If you look at Droidz' code, this code constantly scans the current nav path, and looks for any point that is within 0.5 meters of (1422.318, -4662.921, 35.46182) and replaces it with (1422.063, -4665.421, 35.46295)

Basically, you have to know where these points are beforehand, and manually add each one to positionChange.

  • Author
On 18.10.2017 at 6:52 PM, jrouten said:

// Continent (item1), DefaultPosition (item2), DefaultPositionSearchRange (item3), NewPosition (item4)
        var positionChange = new List<Tuple<ContinentId, Vector3, float, Vector3>>
        {
            new Tuple<ContinentId, Vector3, float, Vector3>(ContinentId.Kalimdor, new Vector3(1422.318, -4662.921, 35.46182), 0.5f, new Vector3(1422.063, -4665.421, 35.46295)),
            /// new Tuple<ContinentId...
        };

        wManager.Events.MovementEvents.OnMovementPulse += delegate(List<Vector3> points, CancelEventArgs cancelable)
        {
            var continent = (ContinentId) Usefuls.ContinentId;
            foreach (var p in points)
            {
                foreach (var pchange in positionChange)
                {
                    if (p != null &&
                        pchange.Item1 == continent &&
                        p.DistanceTo(pchange.Item2) <= pchange.Item3)
                    {
                        Logging.WriteDebug("Change path position of " + p + " to " + pchange.Item4);
                        p.X = pchange.Item4.X;
                        p.Y = pchange.Item4.Y;
                        p.Z = pchange.Item4.Z;
                        p.Type = pchange.Item4.Type;
                        p.Action = pchange.Item4.Action;
                    }

                }
            }
        };

If you look at Droidz' code, this code constantly scans the current nav path, and looks for any point that is within 0.5 meters of (1422.318, -4662.921, 35.46182) and replaces it with (1422.063, -4665.421, 35.46295)
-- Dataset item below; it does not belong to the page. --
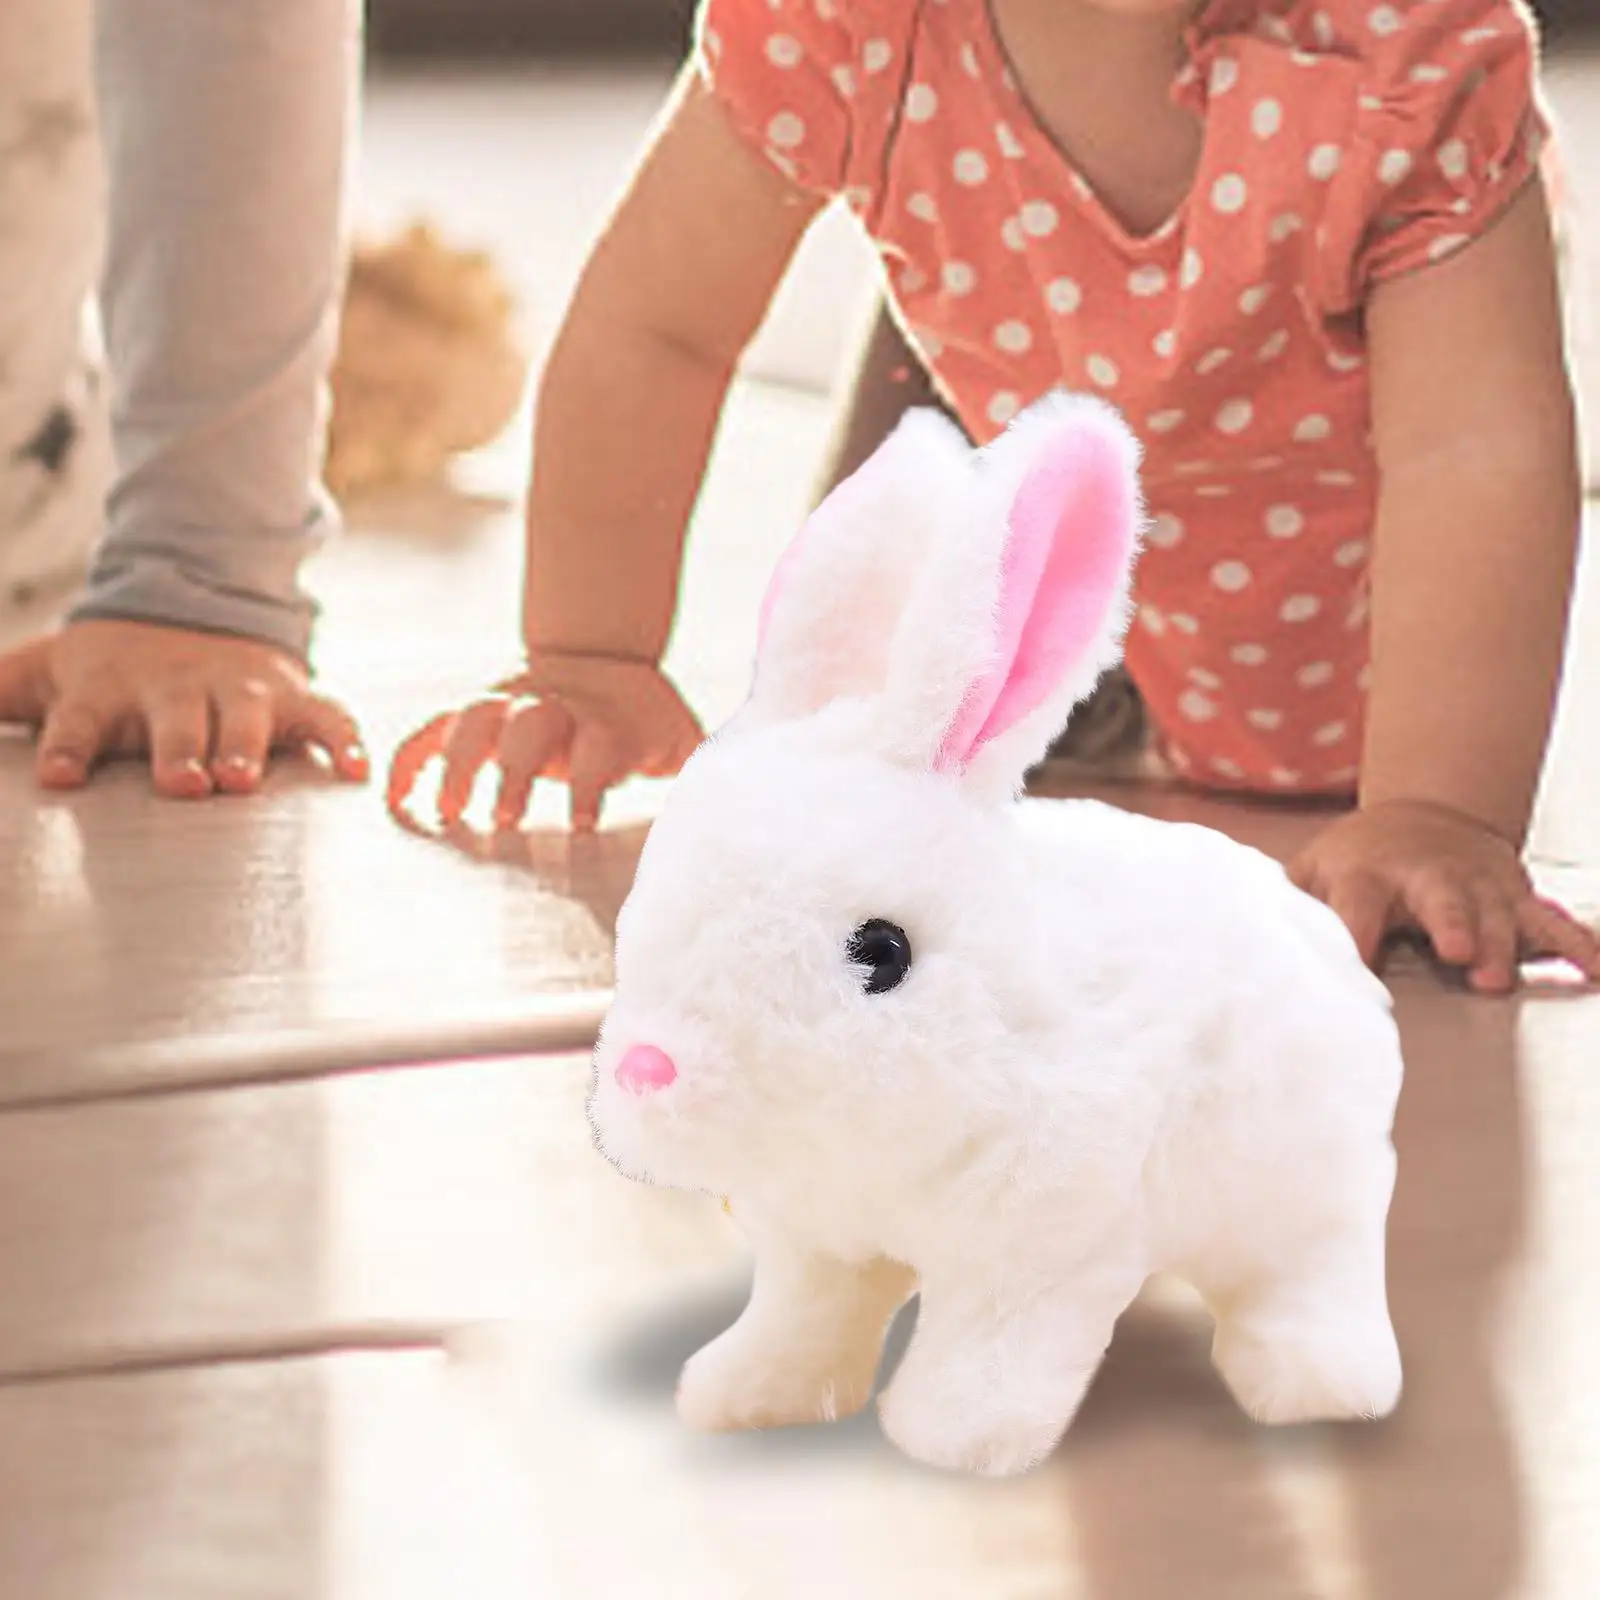 Electronic Plush Rabbit Toy Stuffed Animal Lovely for Girls and Boys Kids

Basically, you have to know where these points are beforehand, and manually add each one to positionChange.

You have wrote 4 messages with totally obvious information that was in my first 2 posts. I do appreciate that you are willing to help, but that leeds the thread in totally other direction, not what i have asked. As i said, i do understand what the idea is, the question is how to track bad spots easily.

P.S. And no, it's not constantly scan the path. It just do it once, replacing one point by another till the end of session.

  • Author

In a word, i was askin it there any way to get atleast a detailed log of pathfinder spots.
Like:
Moving to: "x1, y1, z1"
Moving to: "x2, y2, z2"
Moving to: "x3, y3, z3"
... and so on.
So when bot is stuck in the doorway i was able to see what spot he is moveing to and replace it with my own.